By 1960, my Grandfather, Herman Cornelius Harris, used to pick me up from my segregated Van de Vyver Catholic elementary school every day. We would drive to pick up my Grandmother, Nancy Jane Porter Harris, from work. She was the head nurse at the Retreat for the Sick Hospital. Through a child's eyes, I simply enjoyed waiting for her 3 PM shift to end, talking with the other nurses; getting that vanilla ice cream cup to keep me occupied, while she closed down. "Nurse Harris" as every one affectionately called her, led a team of about a dozen nurses, who took care of patients in two huge, all Black, wards—one for women and one for men.
It was not until I got a little older and desegregation took hold on Richmond, that I really realized that my Grandmother worked in the basement of the Retreat Hospital—because that was the only part of the hospital that served Blacks. She, like her colleagues, worked hard to ensure that every patient received quality care. It was just the way it was. It was not until desegregation that Nurse Harris was asked to head up a team nurses—White and Black. As part of that, she was moved to an upper floor. In 1960, I never knew or processed that upper floors existed in the hospital—it simply was not a part of my community.

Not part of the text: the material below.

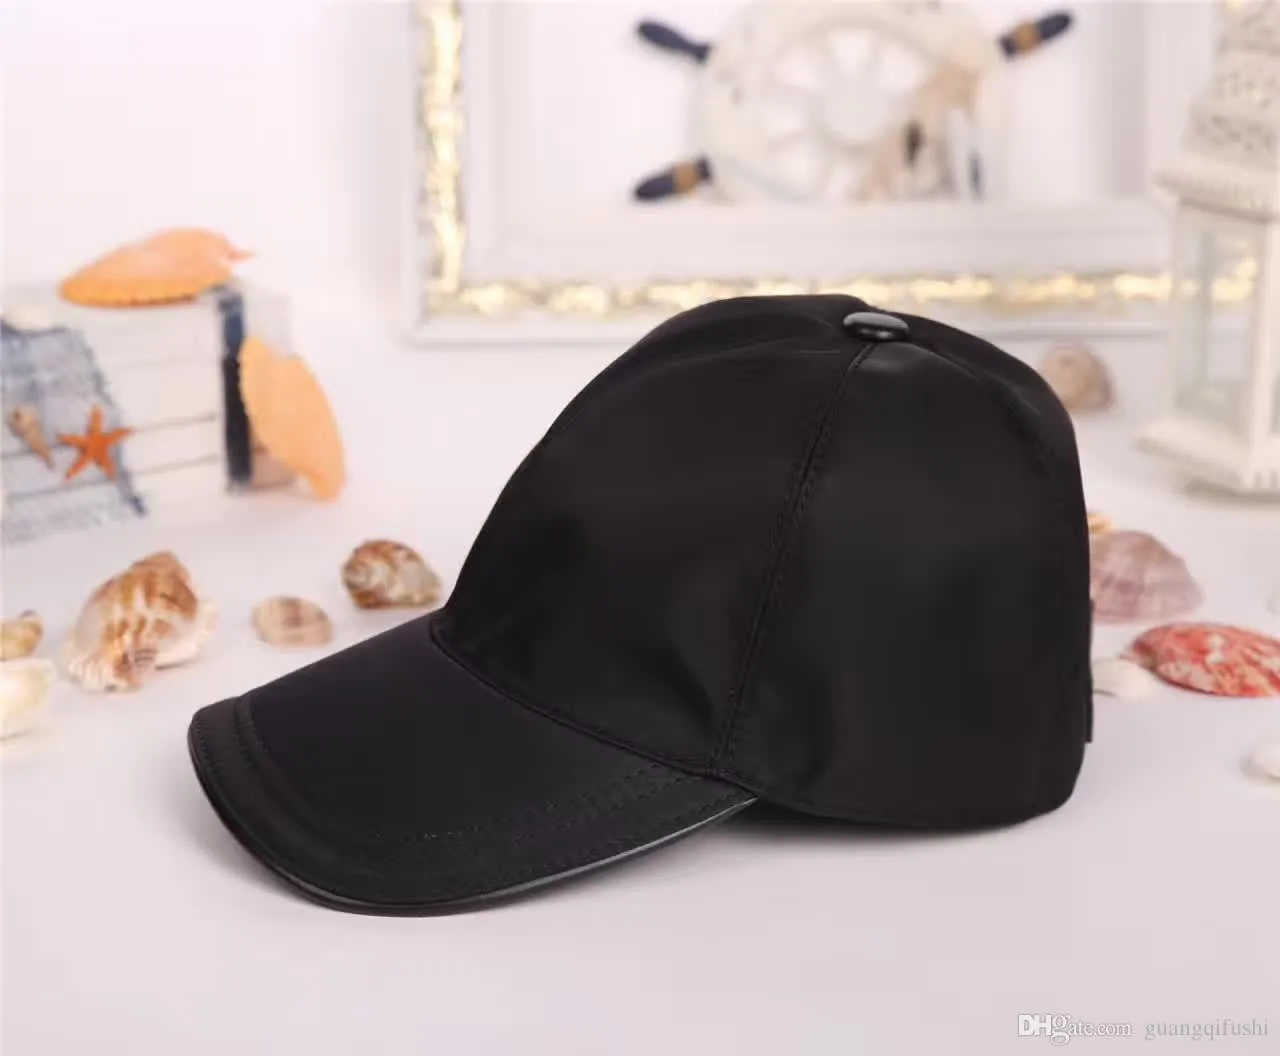 Palla uomini di modo di 2018 cap europee cappelli stile del cappello di Sun di alta qualità quattro colori Berretto da baseball opzionale con scatola

My Grandmother retired in 1972 from Retreat for the Sick Hospital. There was a huge article in the local Richmond Times Dispatch and the Richmond Afro newspapers about her accomplishment as the first Black head nurse there. I still have those articles.
I recently went to see a relative who was hospitalized in the same Retreat Hospital a few months ago. I met a Black doctor who heads up infectious diseases. I started talking about my Grandmother. Since the doctor was a native of Connecticut, he was amazed that the segregation in the hospital existed as late as the late 1960s. The nurses working that day at the station overheard us talking and began to ask me questions about my Grandmother. They too had heard stories about the Black nurses in the basement in the 50s and 60s, but had never spoken with anyone who had known them or was related to them.
All the while, I could just feel my Grandmother's spirit and her smile.